» **Exercise**
Search the listing below for the line containing "Healthy Lemony lentils Soup". From there through the line containing "Tangkula 2PC Garden", transcribe every line exactly, both ends included.

» **Extracted information**
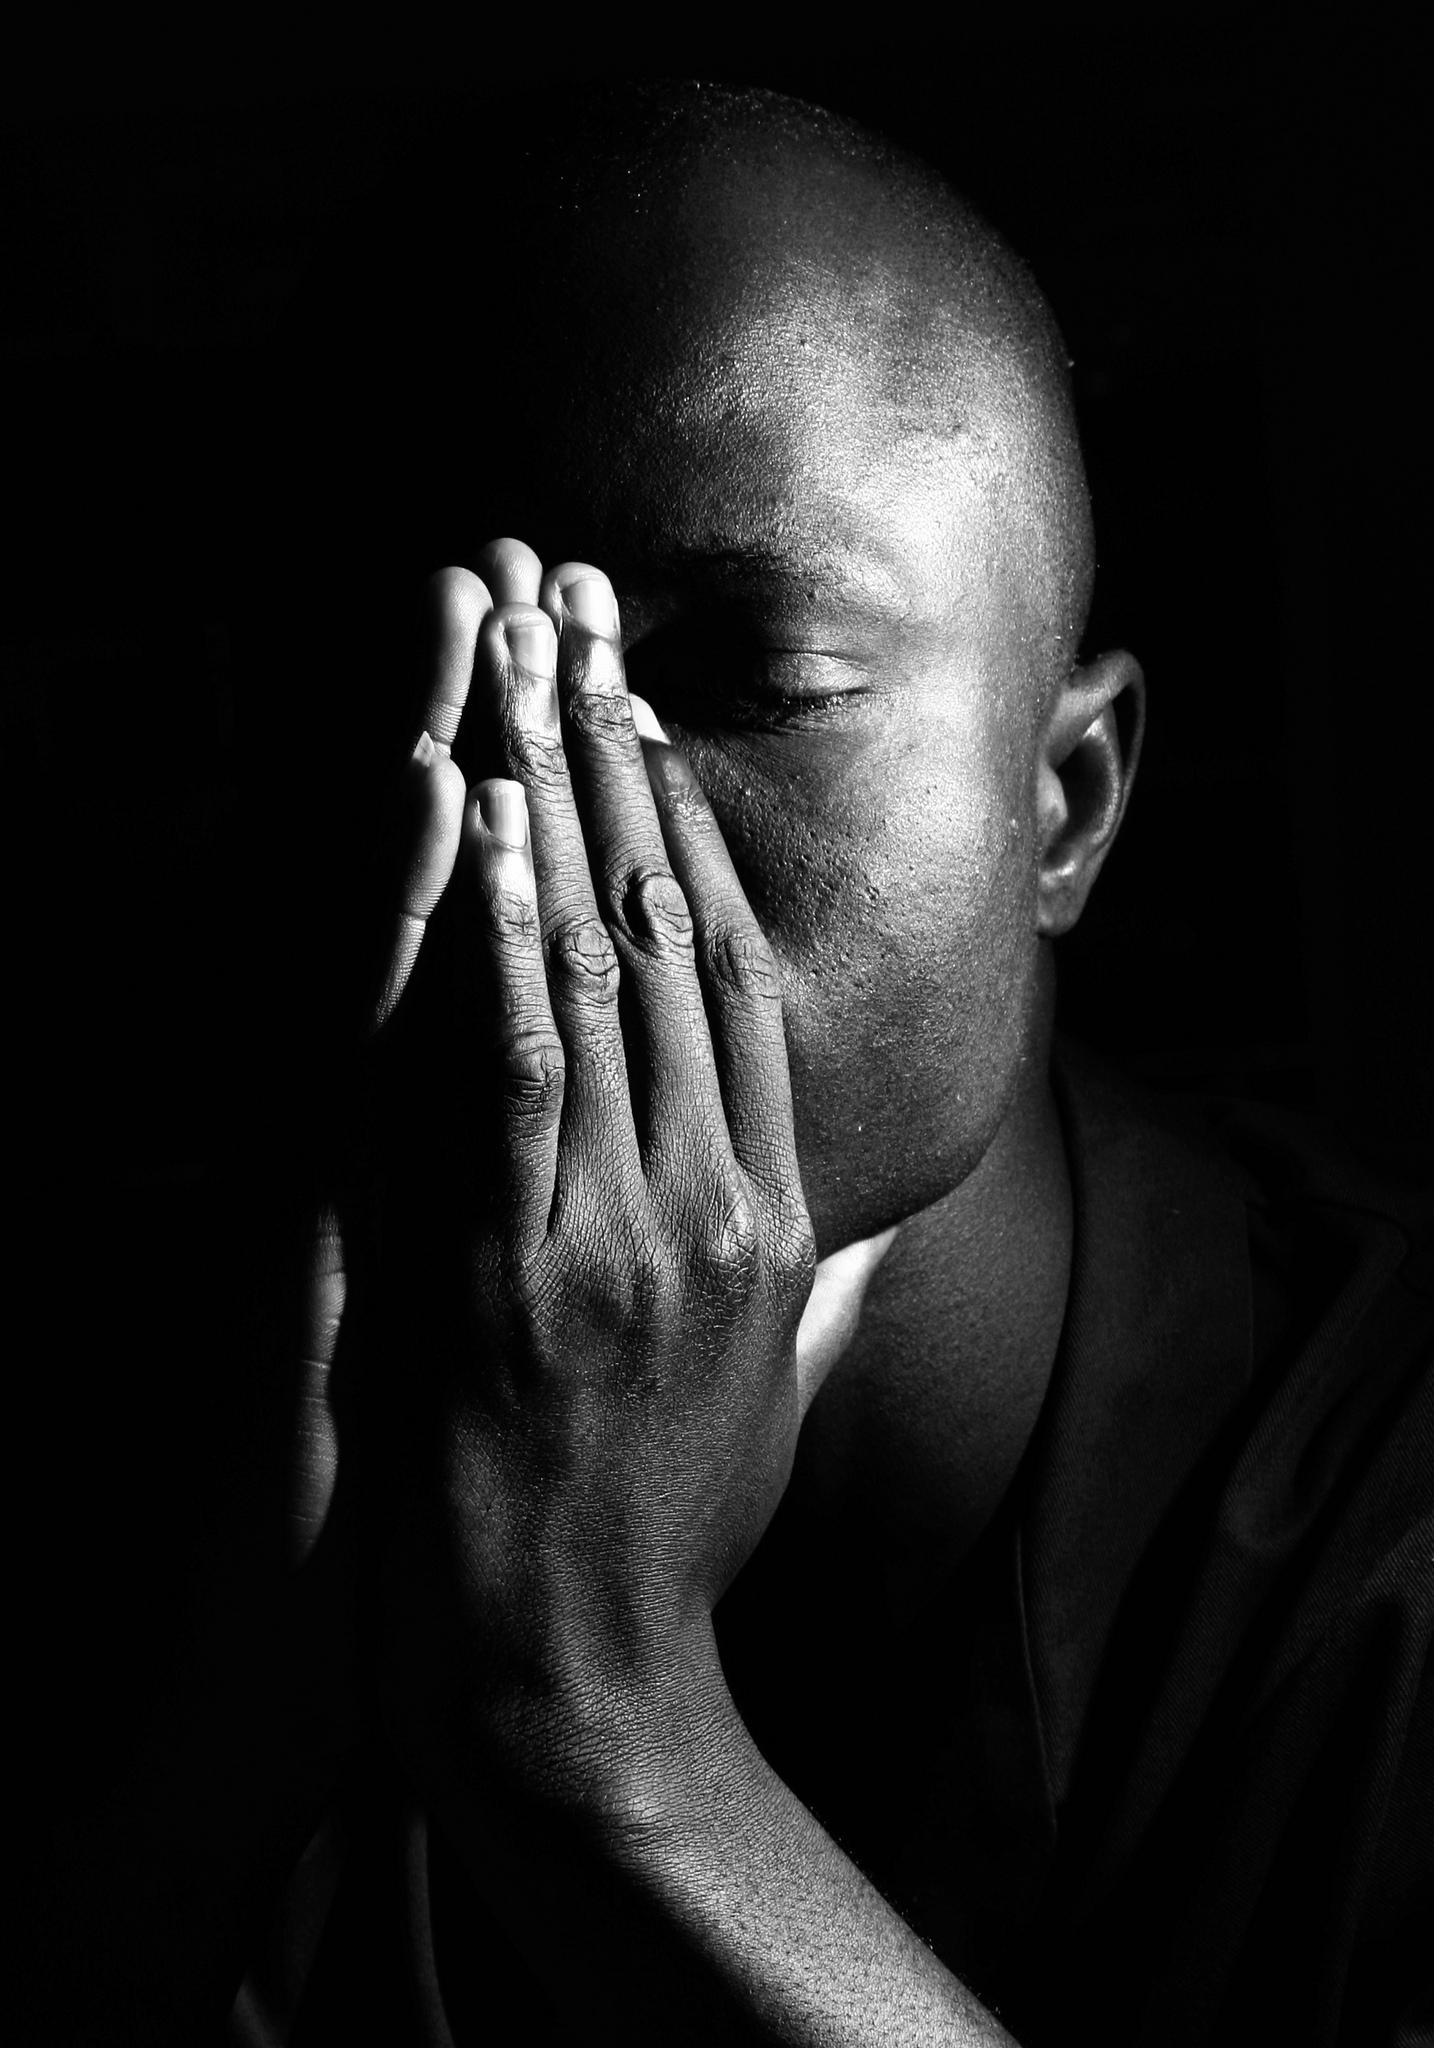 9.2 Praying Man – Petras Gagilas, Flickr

---

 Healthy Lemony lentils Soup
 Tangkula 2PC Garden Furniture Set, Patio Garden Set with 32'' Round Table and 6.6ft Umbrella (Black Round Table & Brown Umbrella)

---

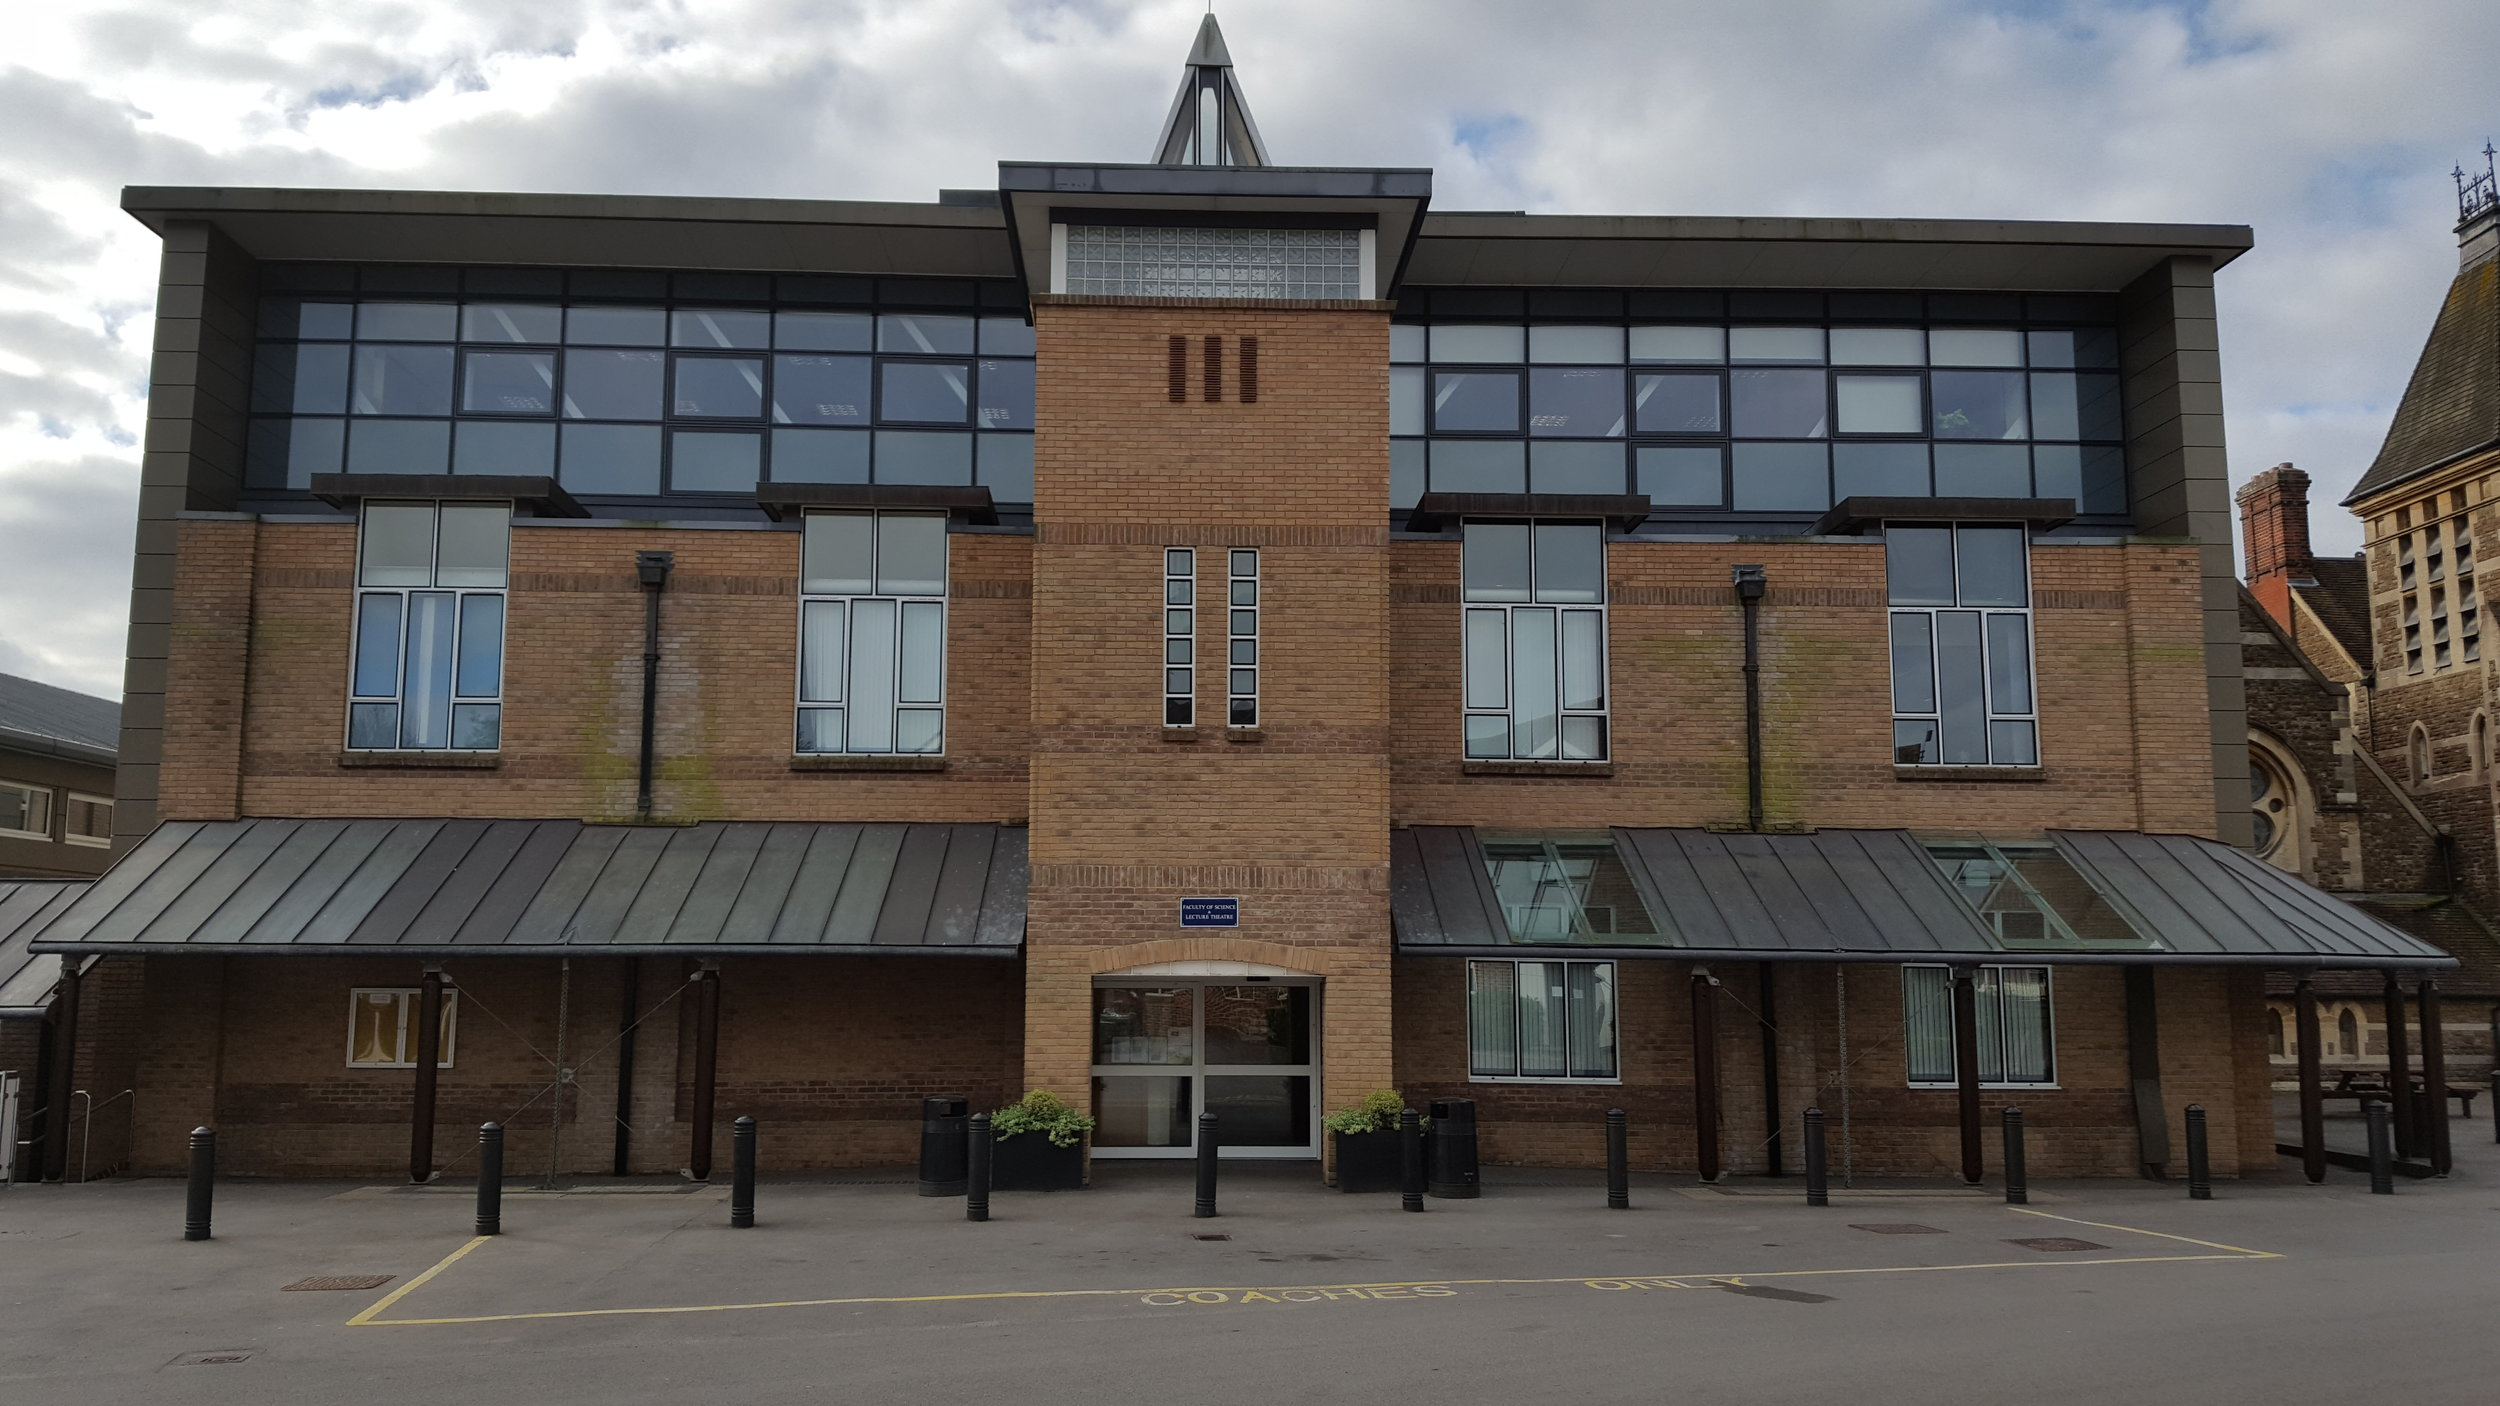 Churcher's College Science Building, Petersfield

» **Result**
 Healthy Lemony lentils Soup
 Tangkula 2PC Garden Furniture Set, Patio Garden Set with 32'' Round Table and 6.6ft Umbrella (Black Round Table & Brown Umbrella)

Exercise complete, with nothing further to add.